Toujours sur fond de nostalgie pour sa chère et adorée Tunisie, Michel Boujenah a usé et abusé des trois éléments qui lui manquent toujours ; le soleil, le poisson et les beignets, utilisant bien sûr le mot « Ftayer » lors de  cette représentation carthaginoise. Et, bien évidemment, Il s’est régalé dans l’art qu’il apprécie le plus sur scène : l’improvisation. Et à ce niveau, il a trouve un allié de choix, le vent qui soufflait fort hier soir sur la ville de Carthage.
Un vent qui s’improvise complice et qui « me ramène toujours ici », imagine l’acteur, devenant ainsi inopinément un chaînon de sa vie rêvée. Même Lotfi Abdelli et son producteur, présents au musée, ont eu leur part dans le scénario improvisé. « Lotfi m’a dit dans les coulisses, à propos de son producteur grassouillet, c’est moi qui me tue au travail et c’est lui qui se rempli la panse ».

Une communion avec le public
En effet, Michel Boujenah adore improviser avec le public qu’il interpelle régulièrement au cours du spectacle. Ici, une dame applaudit au mauvais moment, là il est ébloui par la chemise blanche d’une autre la comparant à une boule de discothèque, de l’autre côté, il s’amuse avec les photographes qu’il somme de déguerpir et d’arrêter de le bombarder de flashes. Bref, Il joue énormément avec les spectateurs et cela lui procure beaucoup de plaisir. Le public, conquis, rit énormément.

Michel Boujenah est fidèle à lui-même : à la fois drôle, tendre et nostalgique. C’est ce cocktail qui a fait son succès et qui le rend aujourd’hui encore très attachant.
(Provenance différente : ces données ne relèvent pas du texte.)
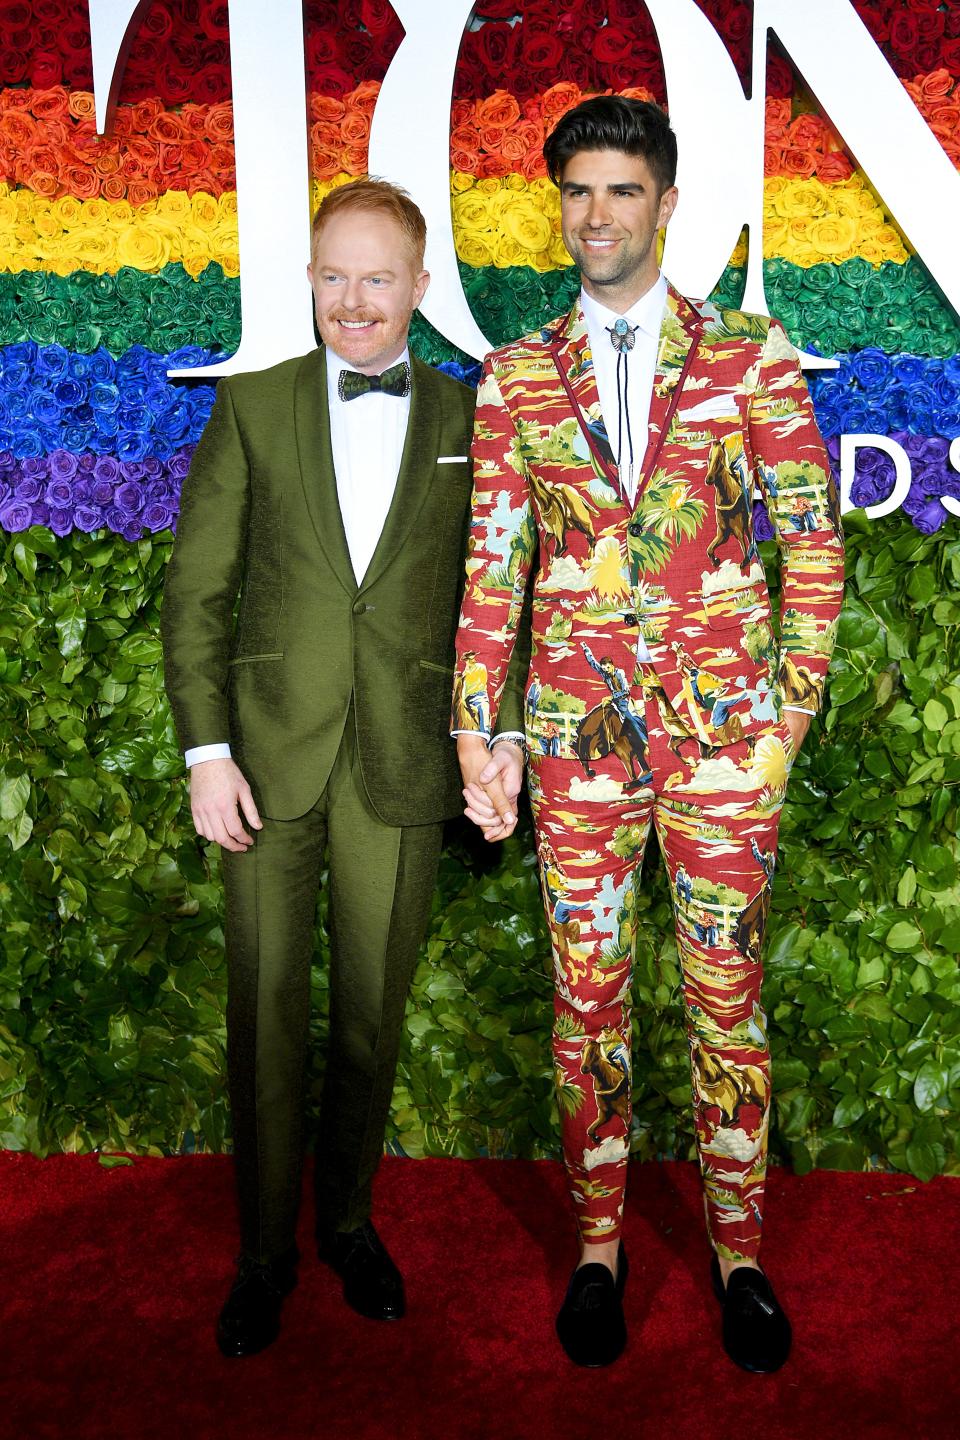 <h1 class="title">Jesse Tyler Ferguson in Richard James and Justin Mikita in David Hart</h1> <cite class="credit">Photo: Getty Images</cite>

Mais c’est également les mêmes personnages de sa première œuvre, Albert, son propre personnage où il raconte sa vie, celle de tous les juifs tunisiens immigrés en France inconsolables par ce déchirement d’avoir quitté la mère patrie, « souffrant de leur déracinement et du sentiment d'« étrangeté » lors de leur arrivée en France ».

Dans un délire aux limites de la schizophrénie, il devient ainsi un héros des temps modernes puisqu'il réinvente son passé et qu'il imagine ce qu'il n'a jamais vécu et qu’il aurait aimé vivre. Un savant mélange entre réalité et fiction où l’impossible devient possible avec cette fraîcheur d’enfant éternel qui a toujours caractérisé Michel Boujenah. Un moment complice, riche de chaleur, de générosité, d’émotions et de rires, d’hilarité même.